Even after many dates and different faces over the years, I still remember random long ago details with my first 40 year old and our date at a comedy club. I gushed at his prospects but I above that, felt conversations were easy and the physical draw to want to kiss him. After a few drinks in before comedy club it definitely were setting us up for make-out sessions at the comedy club, which comedians definitely pointed at us and called us out embarrassingly as part of their comedic content for the evening.

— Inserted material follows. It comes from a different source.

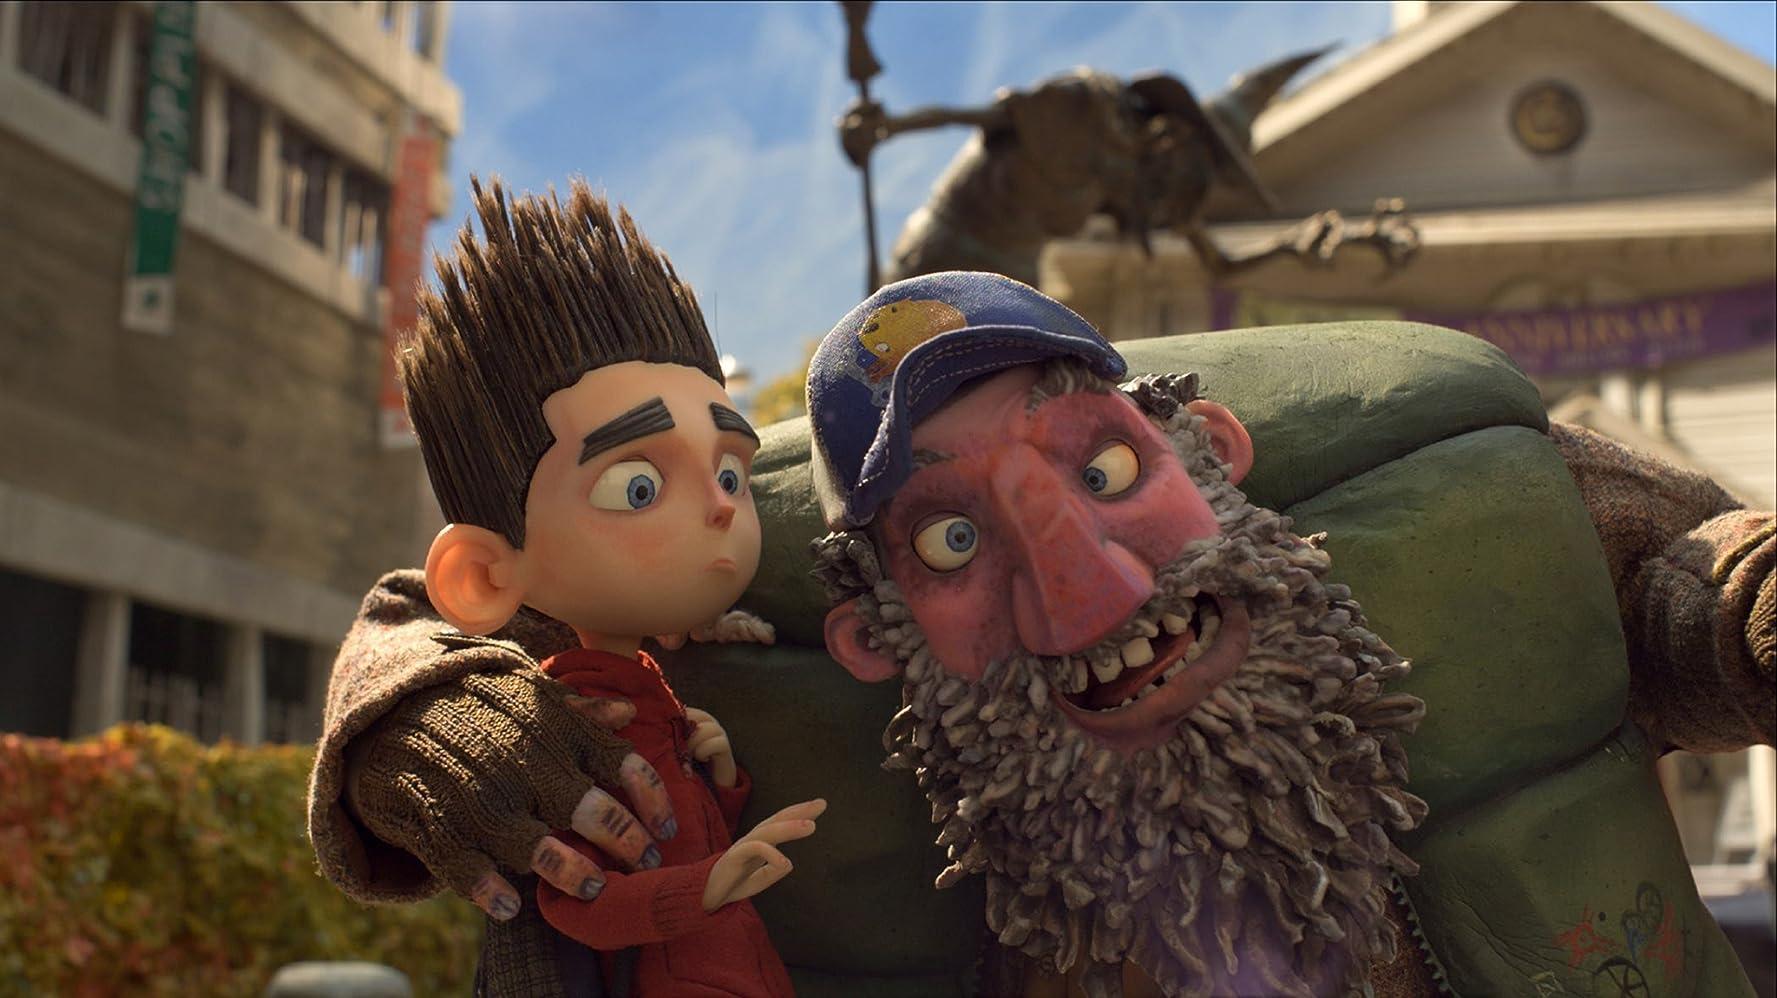 John Goodman and Kodi Smit-McPhee in ParaNorman (2012)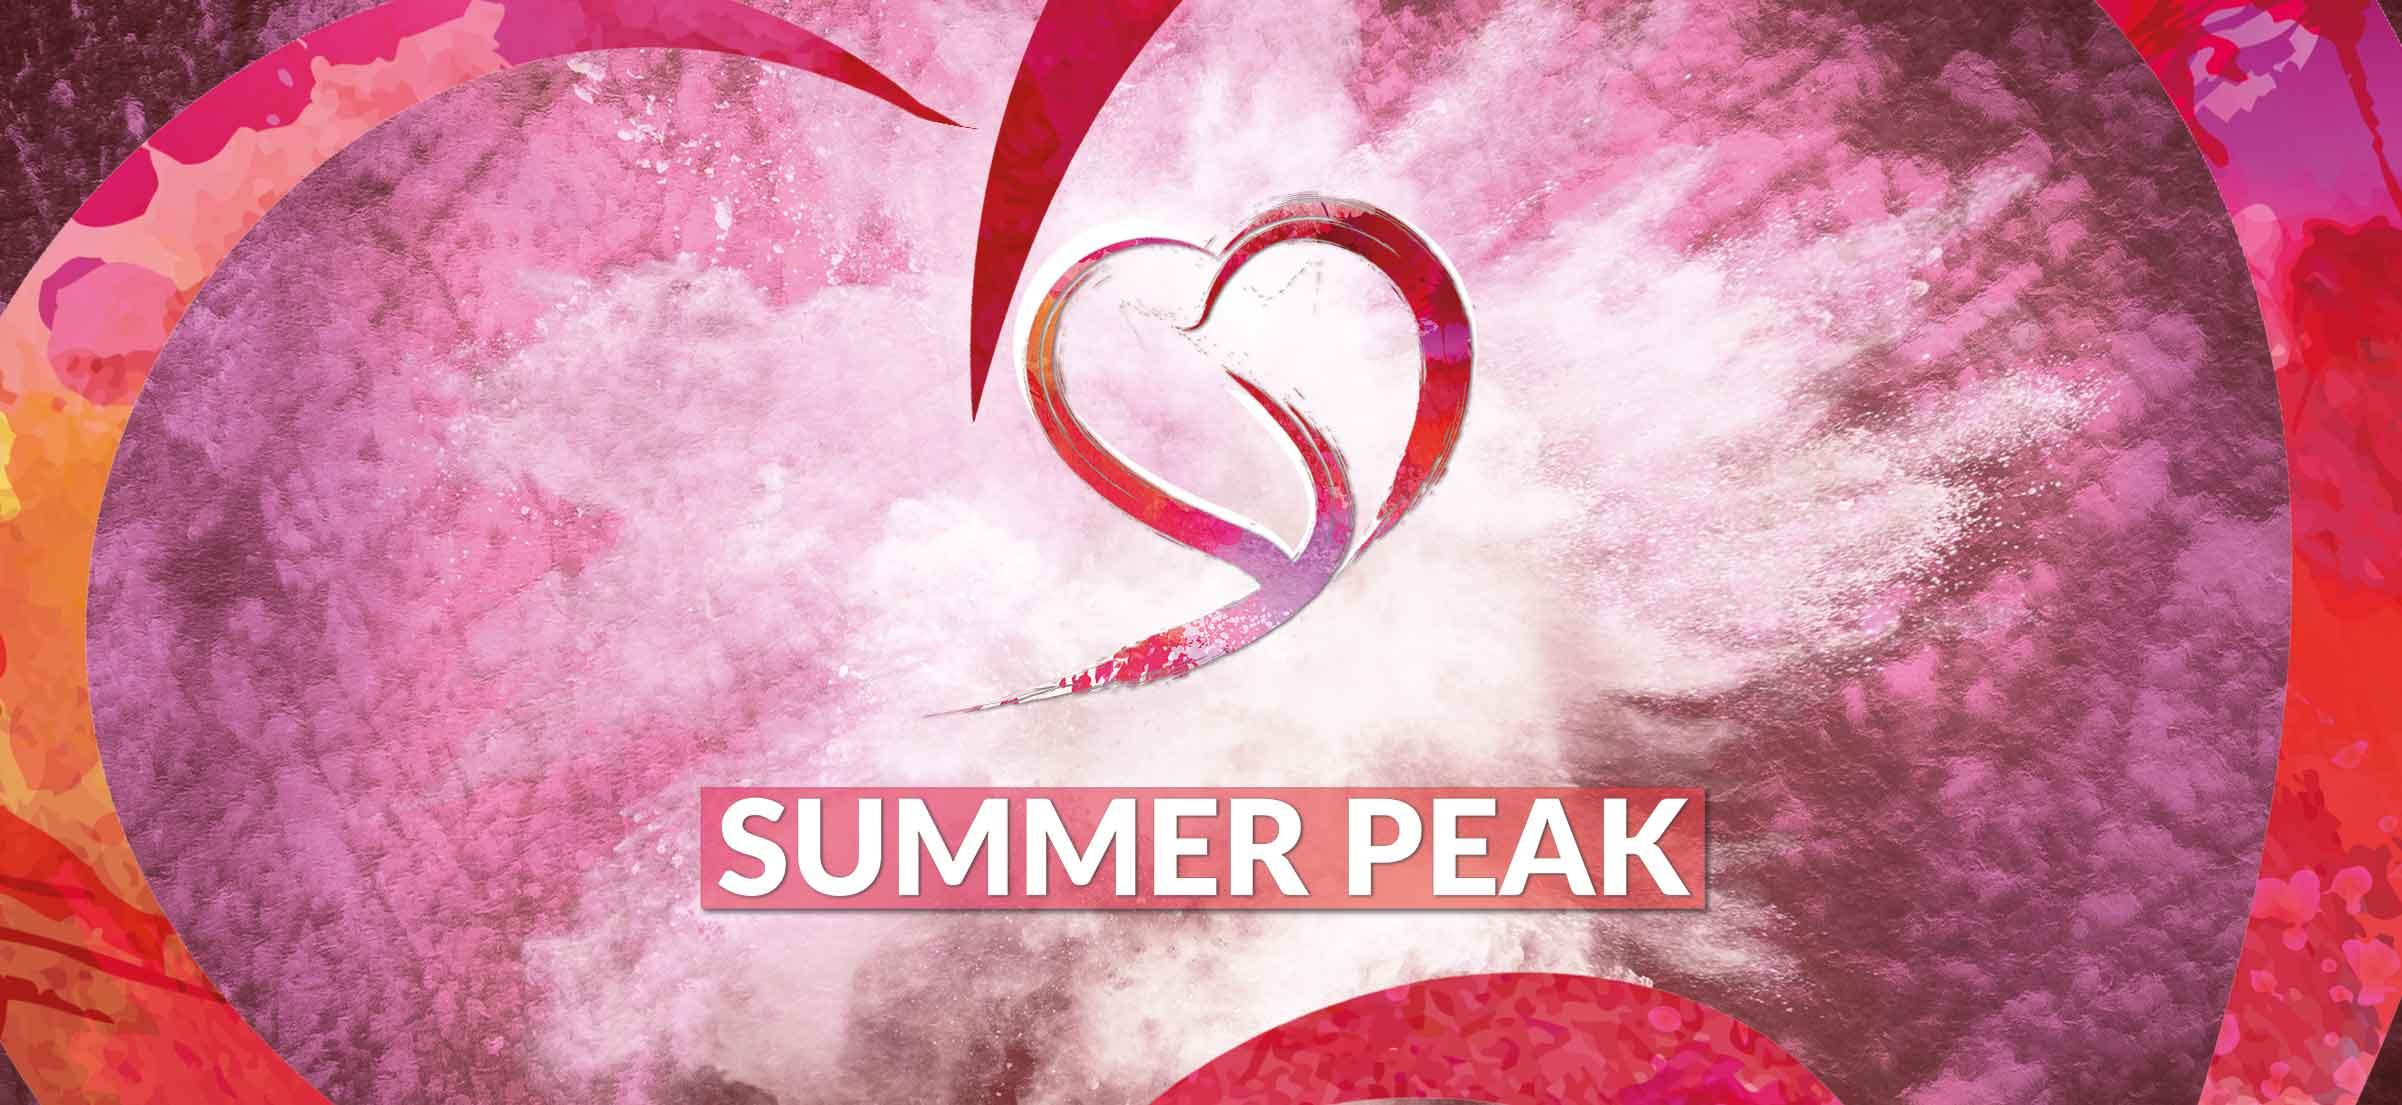 Summer Peak

The comedians that night were sub-par in comparison to some of the more mainstream comedians that I appreciate and respect. They were sub-par for the many crude jokes that are too grotesque and over-sharing or some spectrum of very vile self-depreciation. I didn’t laugh very much during the night. It vividly replays in my head, 40 year old didn’t laugh as much either but he laughed hardest when a joke was made about the thoughts of dying alone. Single, and dying alone. I couldn’t understand why that joke was so funny. I don’t think I ever heard him laugh that hard even many dates later. Now that I’m 35, I get why he laughed so hard. There’s some truth to how it’s a real thought one has when one is single and older. When I was younger, the thought of dying, single, and alone didn’t feel eminent but now, it does.